WHAT YOU ARE ASKED TO DO:
In the entries below, find the line with "Fallendes gelbes Laub" and the line with "best 25+ company". Reproduce those two lines and every line between them exactly, and nothing more.

EXTRACTED RECORDS:

- - -

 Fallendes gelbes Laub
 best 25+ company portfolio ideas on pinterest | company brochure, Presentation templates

- - -

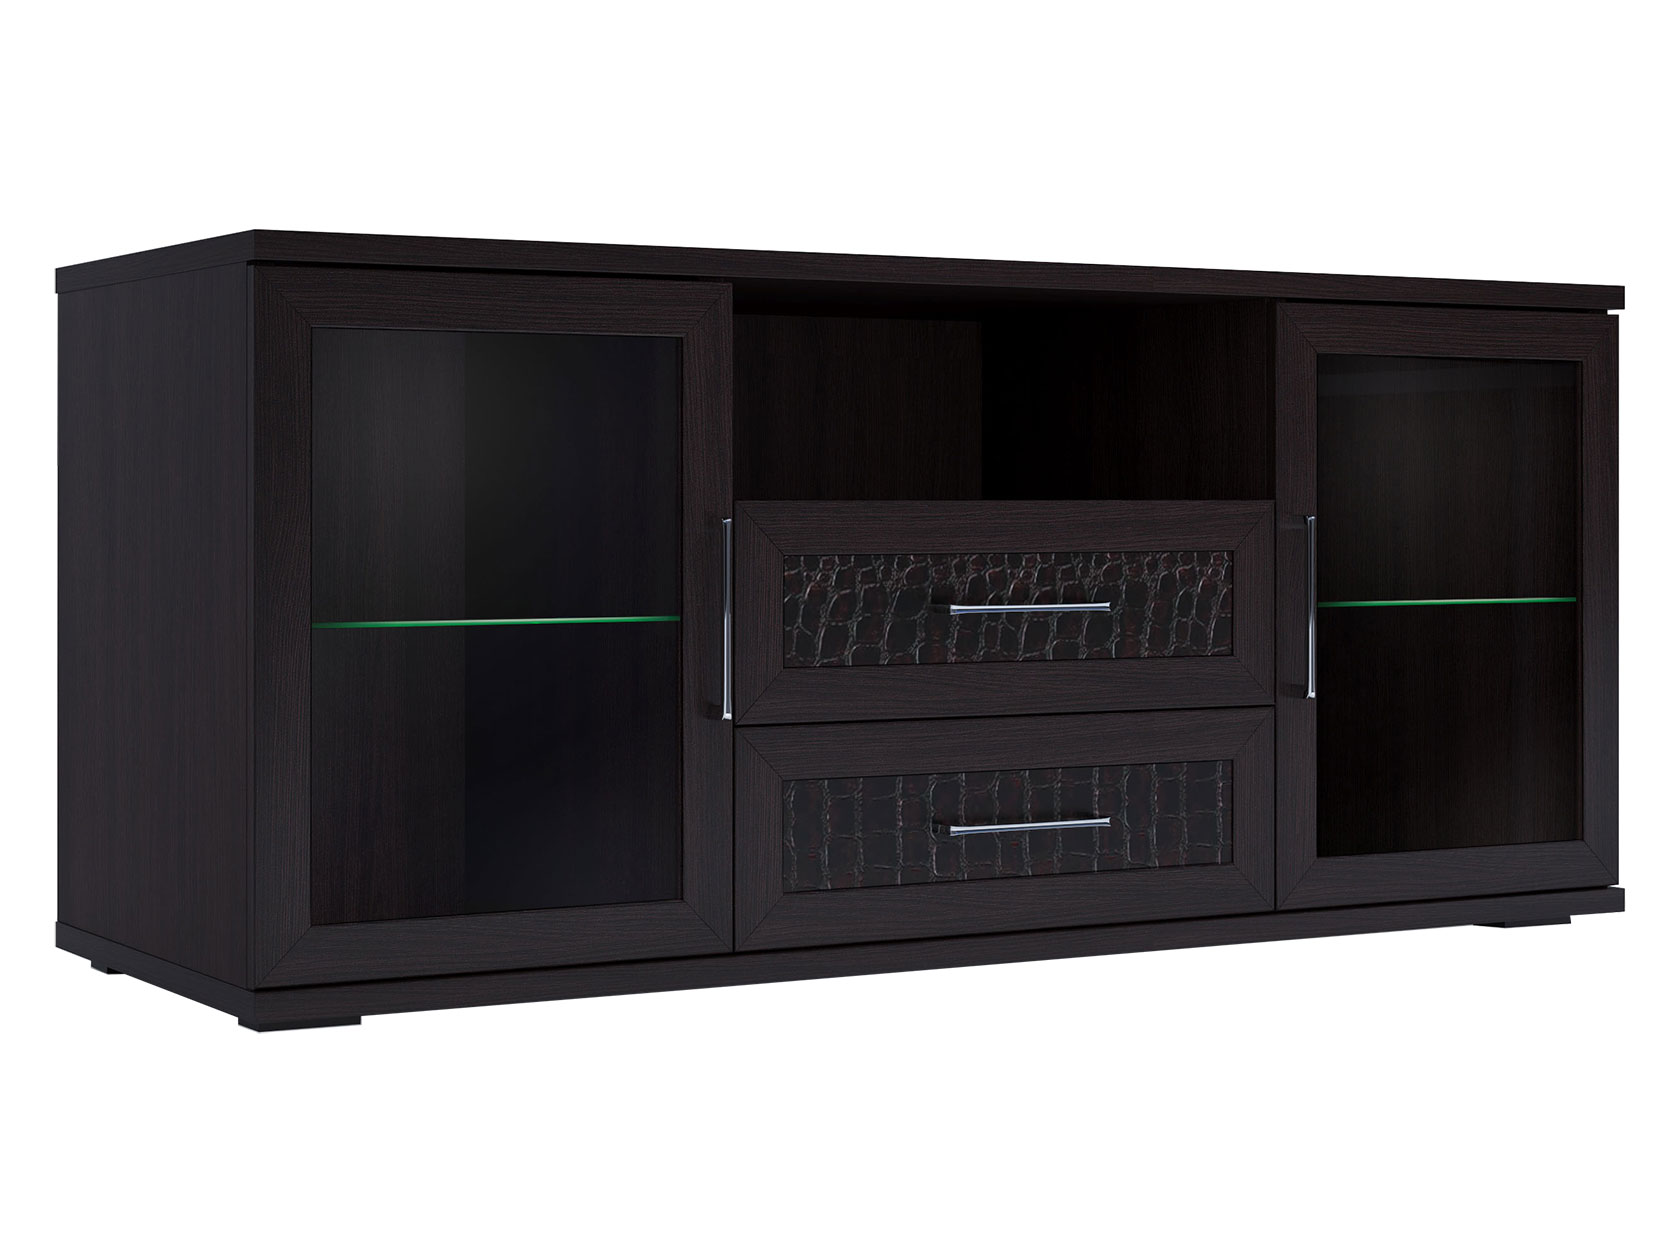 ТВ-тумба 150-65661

- - -

TASK OUTPUT:
 Fallendes gelbes Laub
 best 25+ company portfolio ideas on pinterest | company brochure, Presentation templates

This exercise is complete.